* WHAT IS NEEDED *
Your answer must be an exact copy of the records below, with no pictures in it.

* INFORMATION *

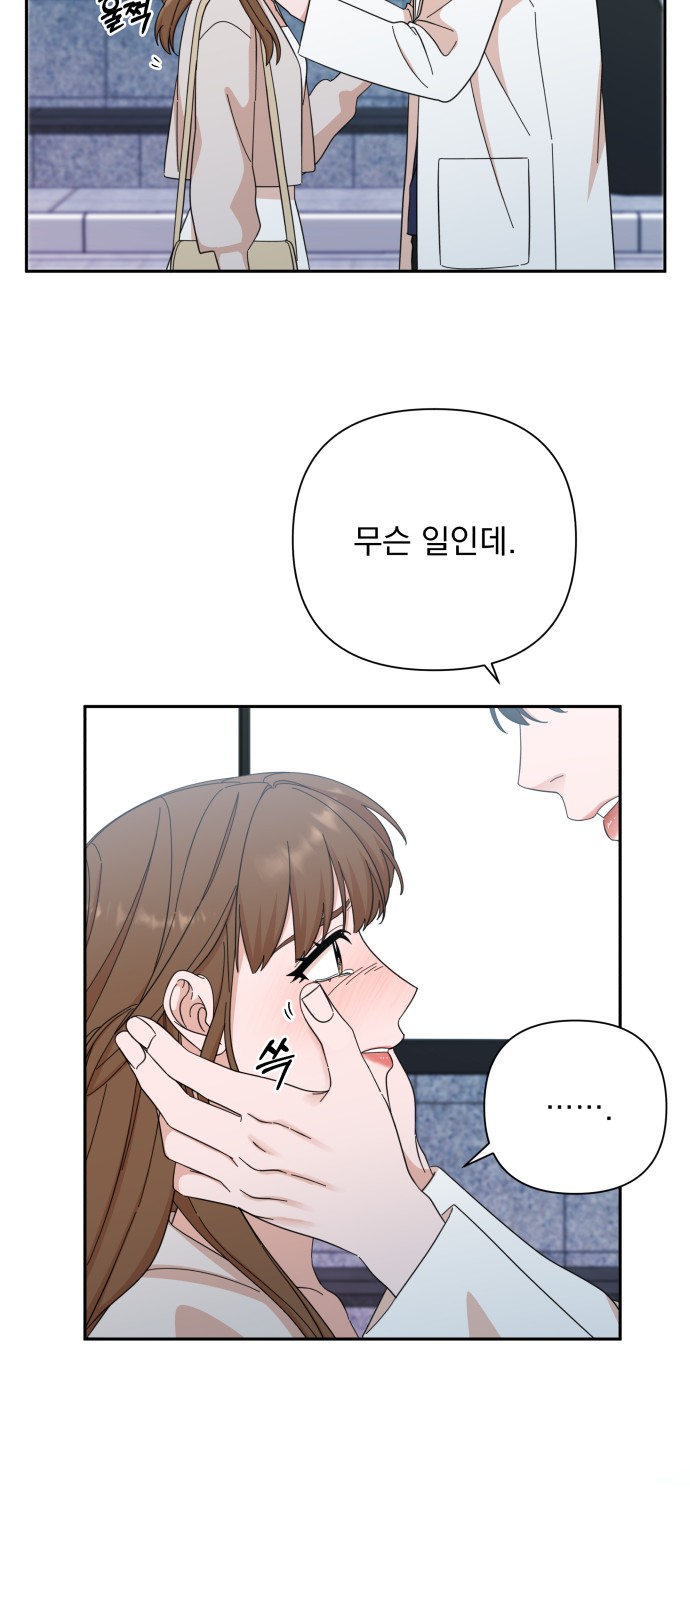 The Man With Pretty Lips - Chapter 48 - Page 79
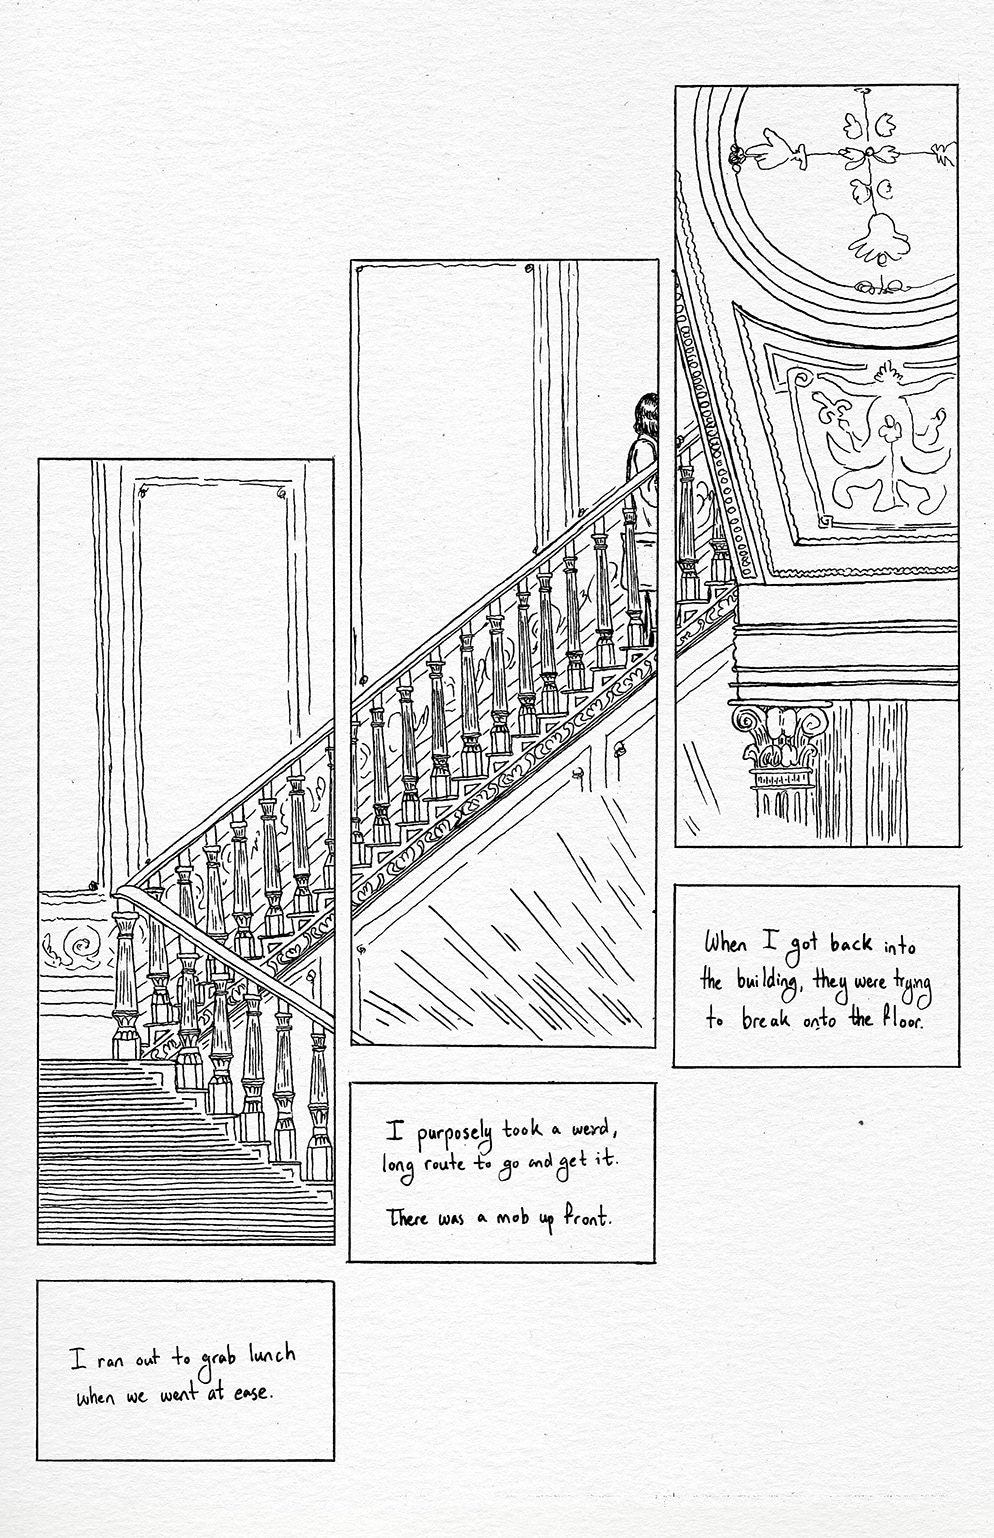 An image of an ornate staircase depicted from the side in the Capitol building, a continuous image broken into three separate panels. Rep. Pohutsky is walking up the stairs, holding onto the railing. There is noise from a crowd coming from the hallway below the staircase.
She recounts what had transpired over the past few hours. 

“I ran out to grab lunch when we went at ease.”
“I purposely took a weird, long route to go and get it. There was a mob up front.”
“When I got back into the building, they were trying to break onto the floor.”
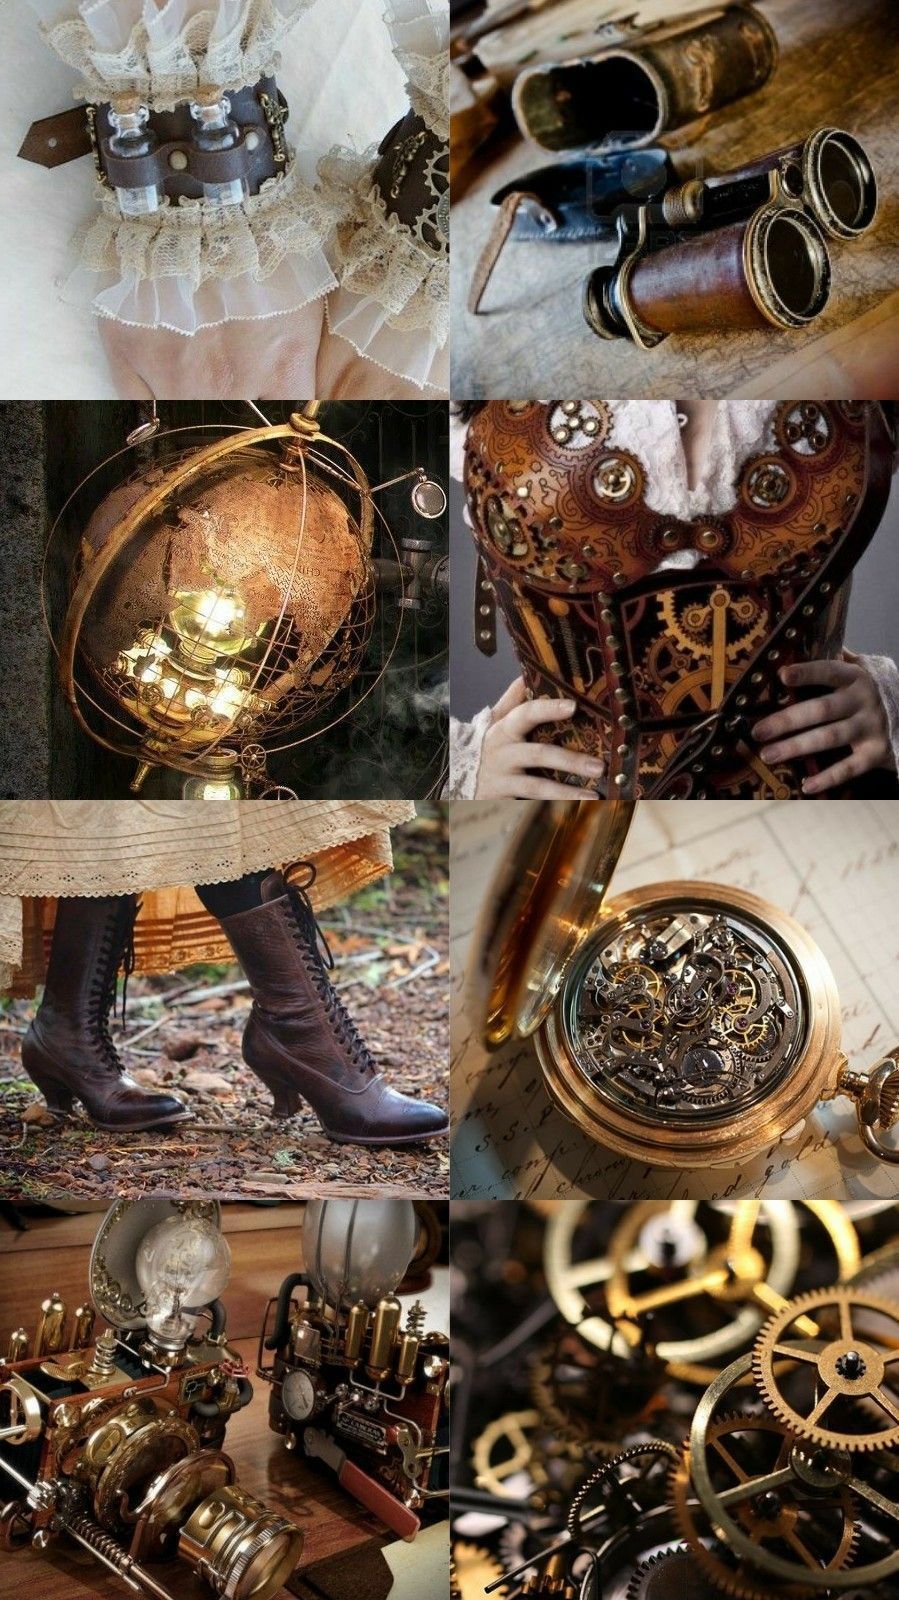 A collage of images of various steam punk elements including a corset, boots, and clocks. - Steampunk
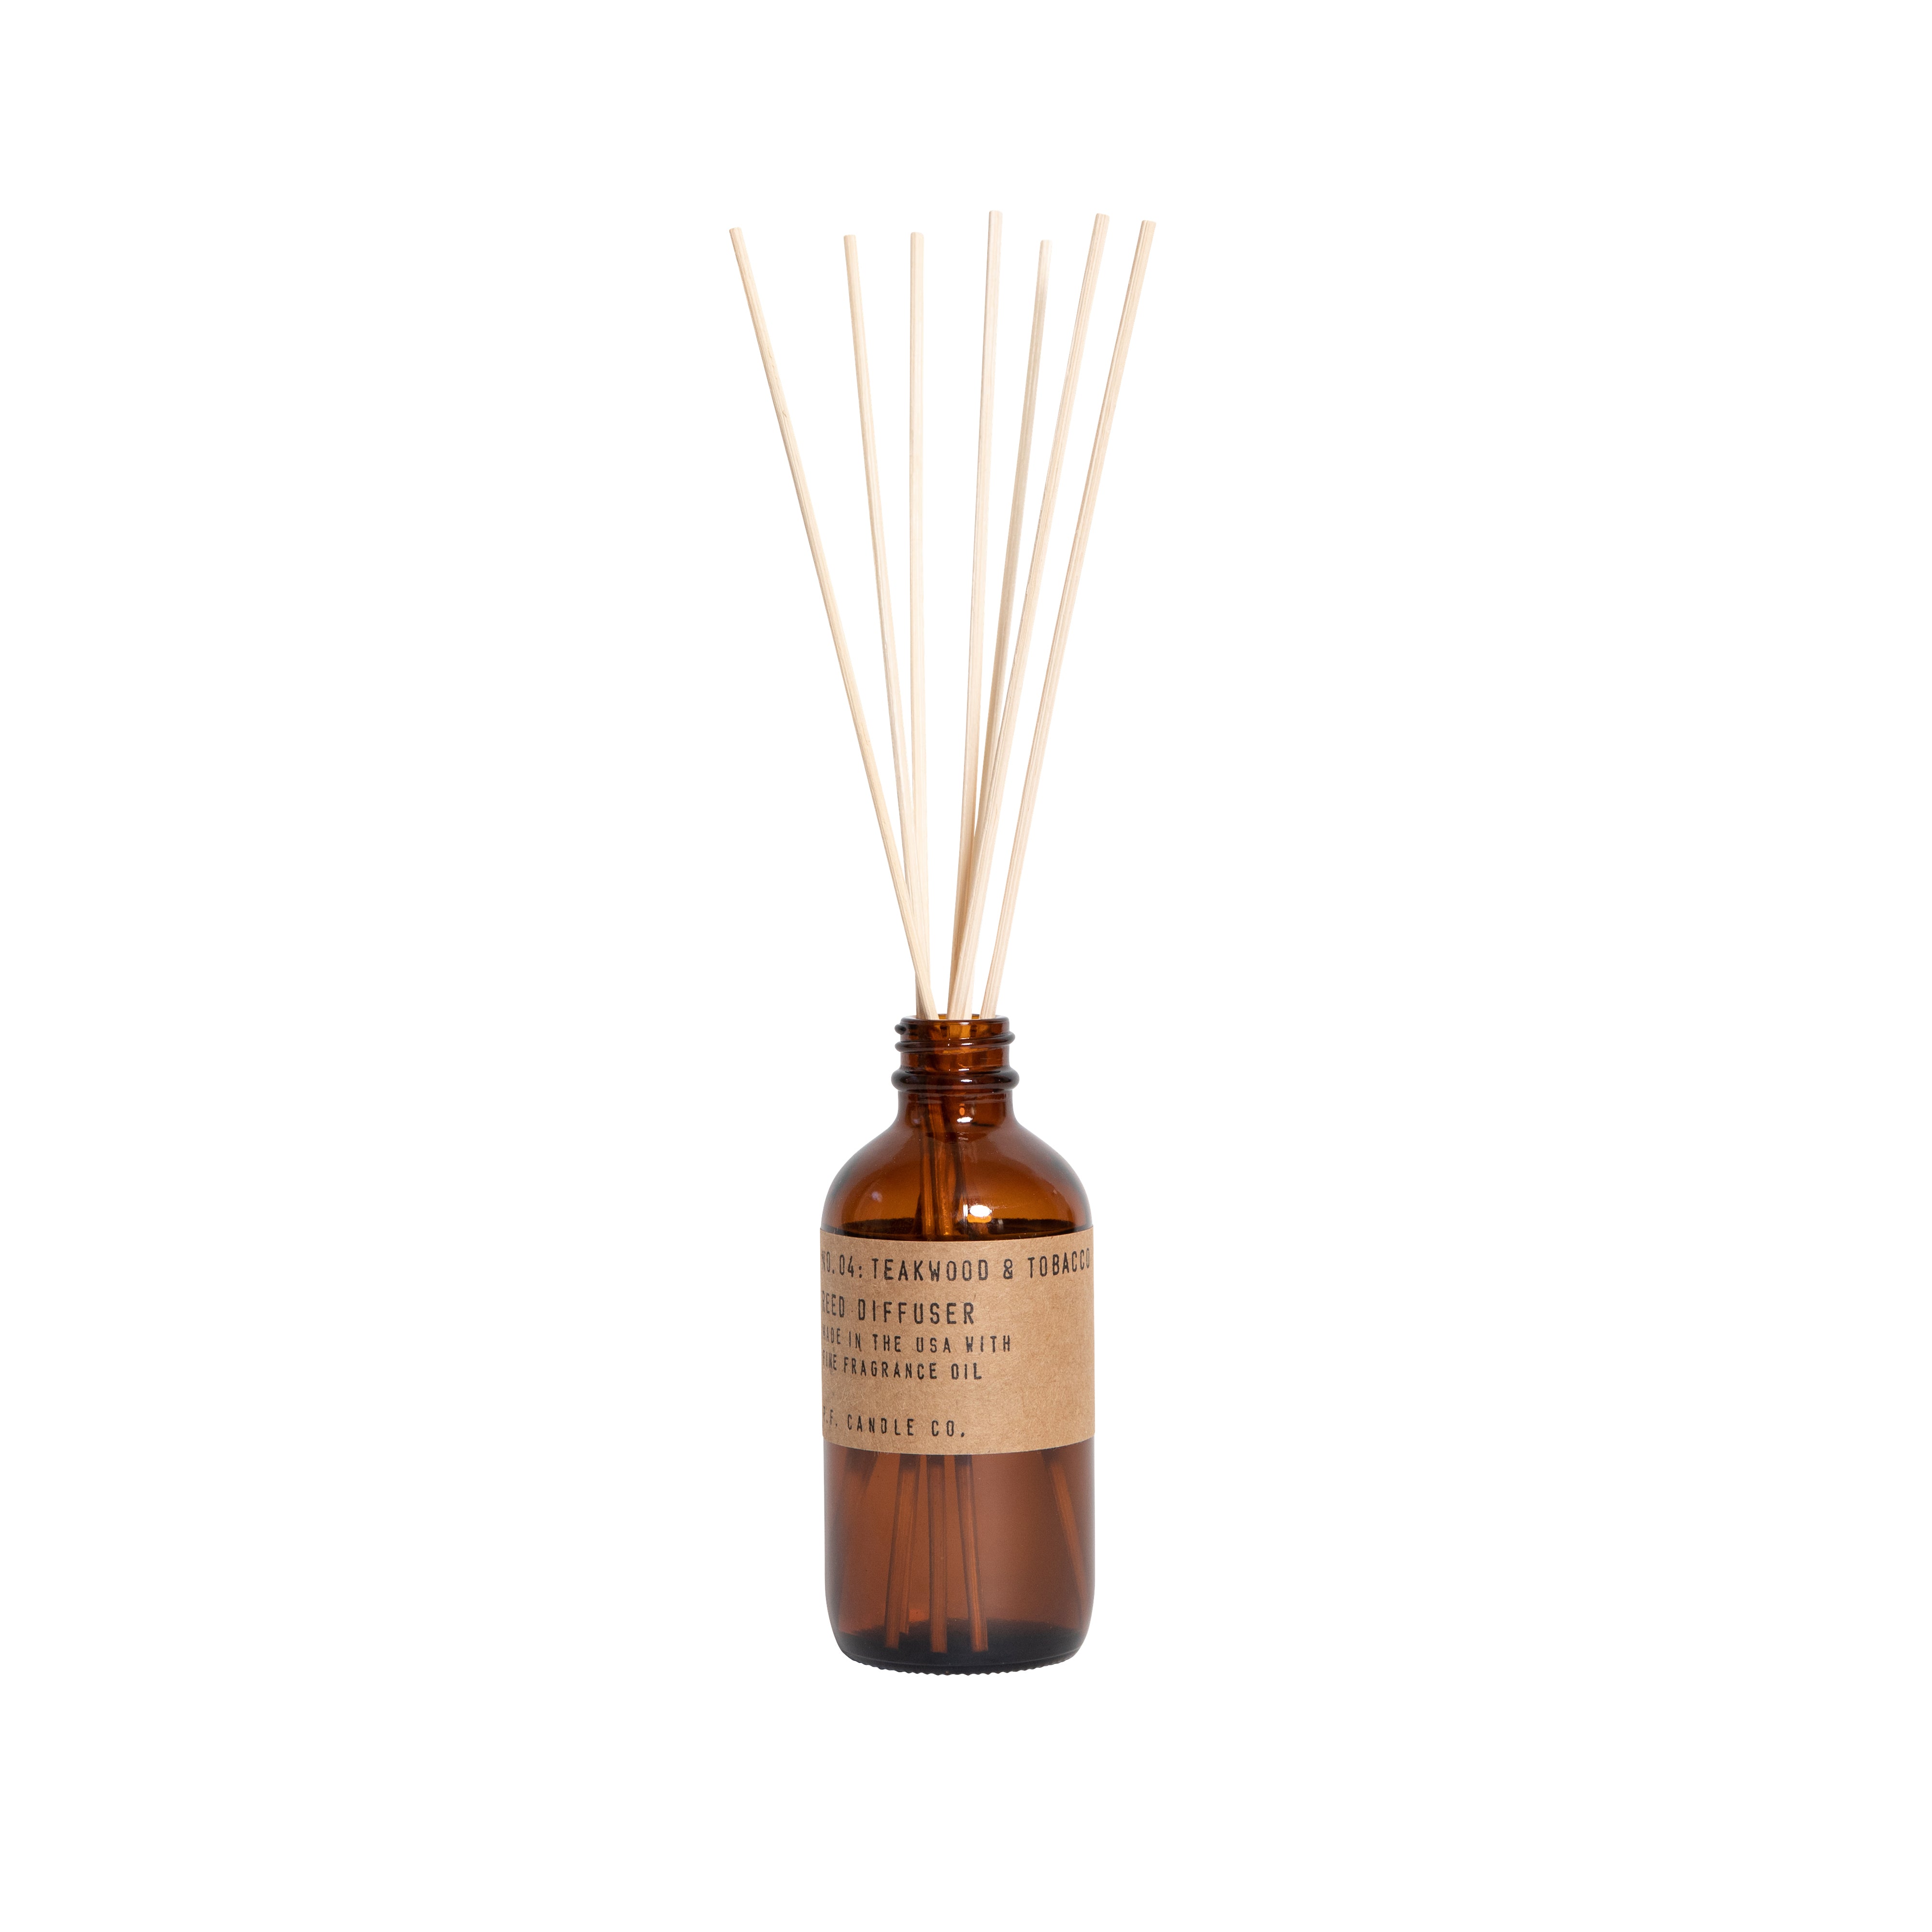  Scented Candle & Reed Diffuser Set for Home Fragrance, Lavender Woods Scented Candle for Men and Fragrance Diffuser

* SOLVED PROBLEM *
 The Man With Pretty Lips - Chapter 48 - Page 79
 An image of an ornate staircase depicted from the side in the Capitol building, a continuous image broken into three separate panels. Rep. Pohutsky is walking up the stairs, holding onto the railing. There is noise from a crowd coming from the hallway below the staircase.
She recounts what had transpired over the past few hours. 

“I ran out to grab lunch when we went at ease.”
“I purposely took a weird, long route to go and get it. There was a mob up front.”
“When I got back into the building, they were trying to break onto the floor.”
 A collage of images of various steam punk elements including a corset, boots, and clocks. - Steampunk
  Scented Candle & Reed Diffuser Set for Home Fragrance, Lavender Woods Scented Candle for Men and Fragrance Diffuser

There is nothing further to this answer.